The best editors are masters of pacing. They can sweep the audience up into an action film with dramatic, bold cuts or gently usher us through more subtle moments with an invisible hand. Regardless of the pace, they take the viewers where the story wants them to go.
This year, film editing nominees “Spotlight” and “The Revenant” used a slower, more deliberate pace to develop their narratives, while “Mad Max: Fury Road,” “Star Wars: The Force Awakens,” and “The Big Short” often leaned into a frenetic editing style during battle sequences or climatic moments. And each followed a kind of inner logic dictated by its subject.
As “The Revenant” took audiences along for a tortuous journey, editor Stephen Mirrione had to make decisions about how much he could show before viewers would be overwhelmed. He found that details were important but so was a certain restraint.
It became a challenge during the now famous bear attack sequence to convey the extent of injuries inflicted on Leonardo DiCaprio’s character. Mirrione aimed to put the sequence together to indicate that the bear was defending her territory and cubs without being gratuitously violent.
“Spotlight,” which focused on a group of reporters determined to expose sexual abuse within the Catholic Church, also sought to hold on its serious subject matter while moving the story along. While it followed in the tradition of films like “All the President’s Men,” the pic still had to find its own way to make shots of reporters doing research seem meaningful.

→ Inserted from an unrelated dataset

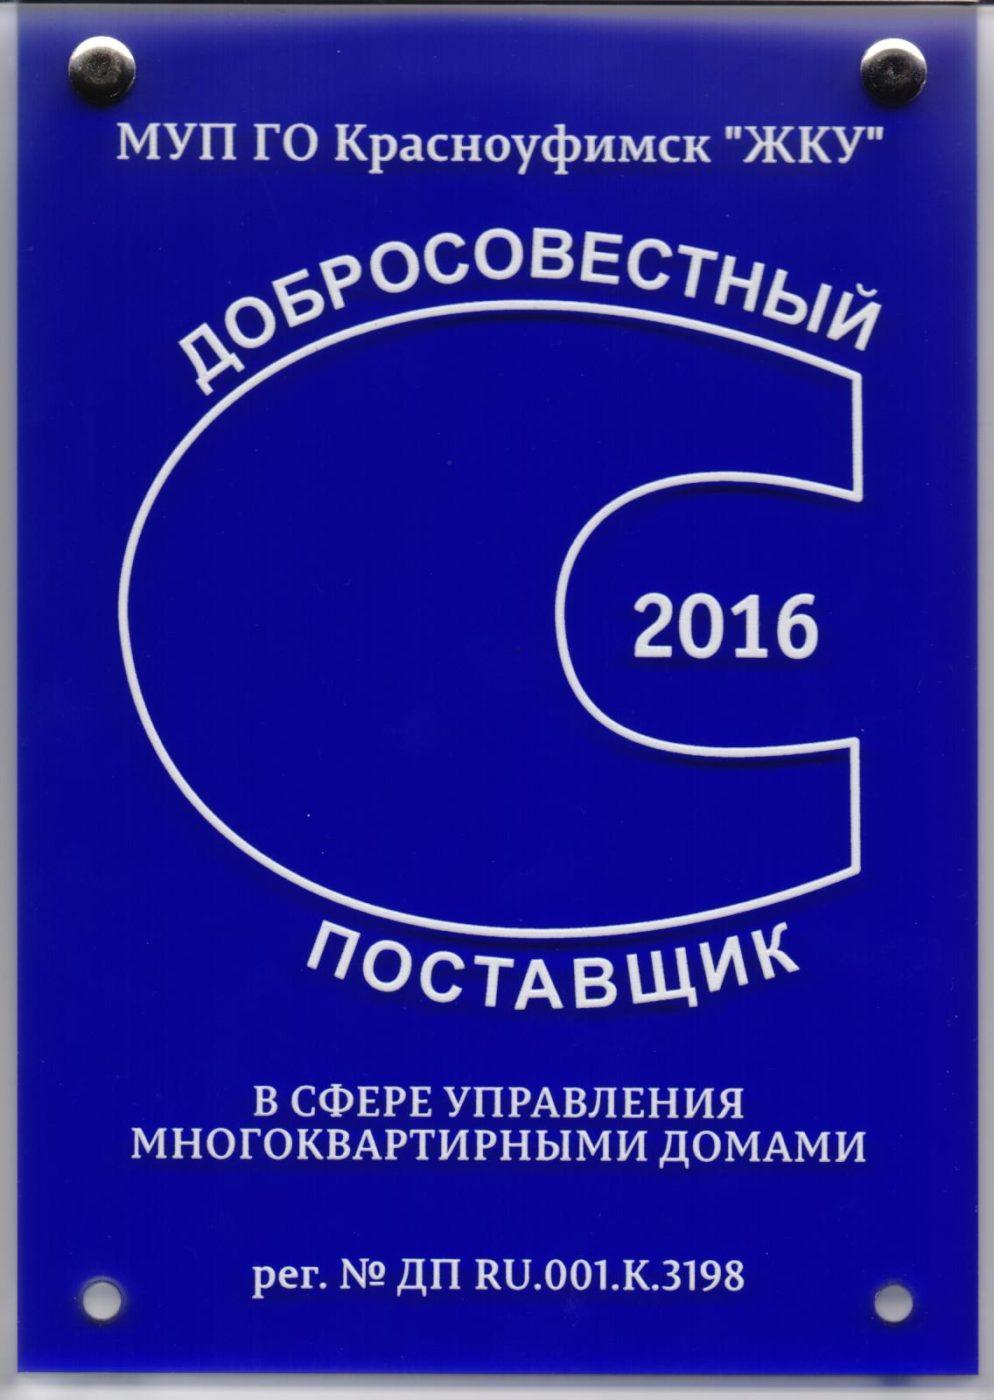 Нашли ли в действиях МУП ЖКУ состав преступления Красноуфимск  1
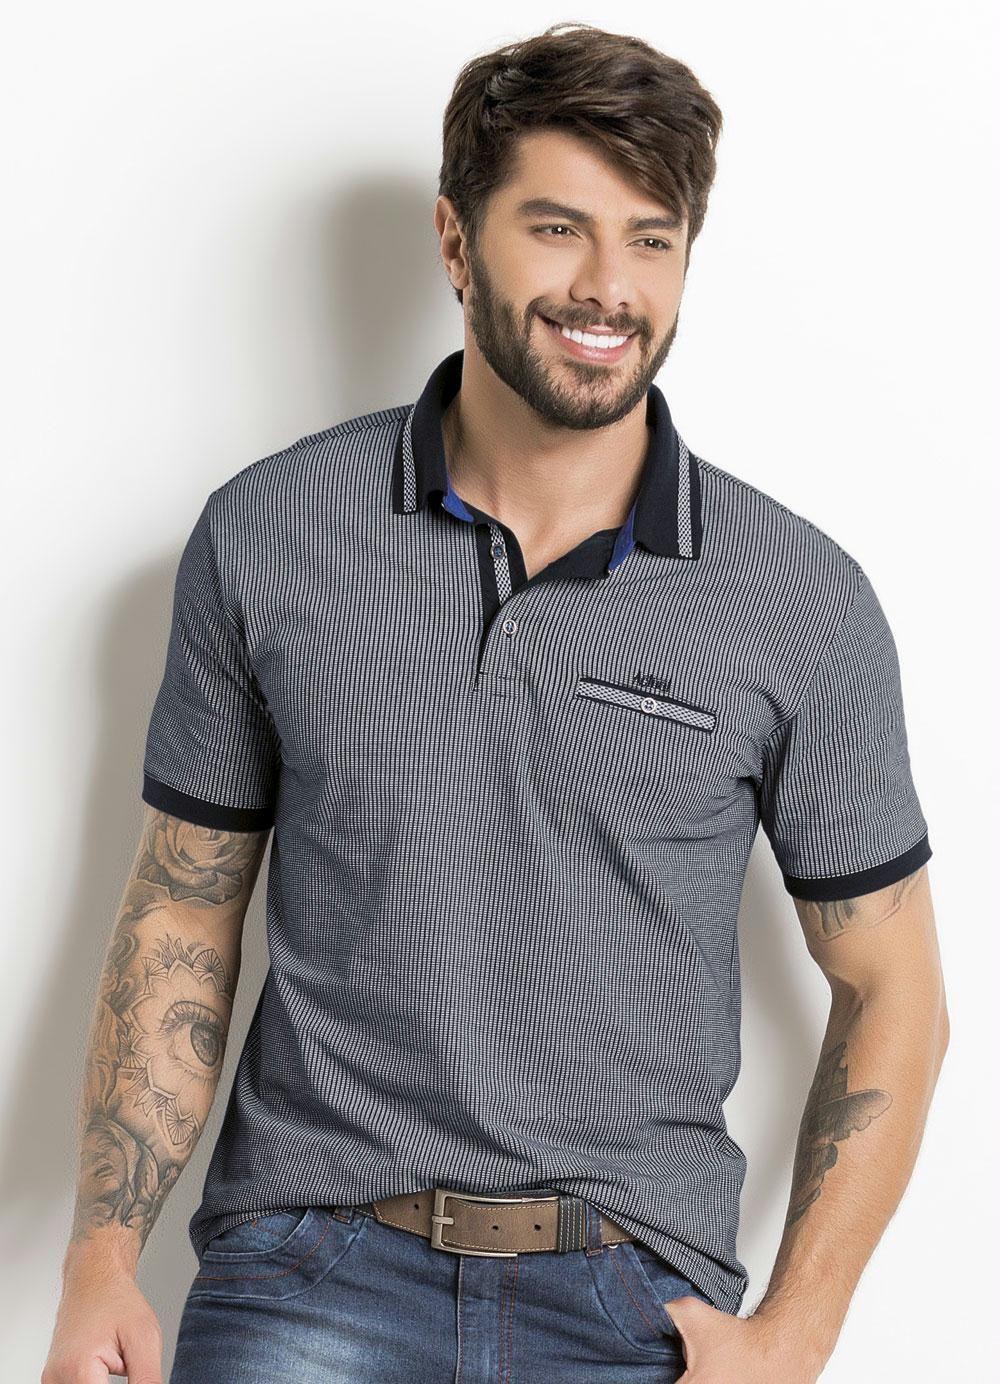 f13520f6ad9 Camisa Polo Estampada com Detalhe Bolso e Gola - Actual

“The more we stripped things away to follow the beats of the investigation, the more we found audiences becoming engaged,” says editor Tom McArdle. “We noticed viewers started connecting emotionally with the film when the first survivor, Phil Saviano, came into the office. So we went back and tightened everything before that moment.”
In “The Big Short,” Hank Corwin moved between editorial styles that were frantic and unconventional in an effort to give all characters their own pacing and signature. As the storylines of all the main characters came together, the overall editorial style converged into the same note and built toward a tragic and comedic end.
“I remember learning that these guys got sick to their stomachs when they did these deals because they knew it was wrong,” says Corwin. “There’s this anxiety and nervous energy that drives the story and makes it sad and funny at the same time.”
Margaret Sixel, editor on “Mad Max: Fury Road,” was tasked with shoring up a substantial amount of the footage from this return to a beloved franchise. In this case, early screenings showed audiences actually felt there was so much action on screen that it was difficult to follow. So, Sixel set about examining the framing of shots and then making adjustments. In the end it helped bring the fight and chase sequences down to the right length, while preserving their intense pacing.
“If the action scenes were incoherent then the film would have been a disaster,” says Sixel. “I certainly didn’t want it to be a meaningless assault of color and movement.”
“Star Wars: The Force Awakens” worked multiple battle sequences as well. For editors Maryann Brandon and Mary Jo Markey these scenes were not just part of this film, but also part of the history of all the “Star Wars” films. Markey says she was most challenged by the village massacre scene in the beginning of the film since auds were not really sure who the characters are or where the film is going with them.
“We wanted to do something fresh, something new and I think we got there in that sequence,” says Brandon. “These kinds of moments really set the pace for the rest of what follows, too.”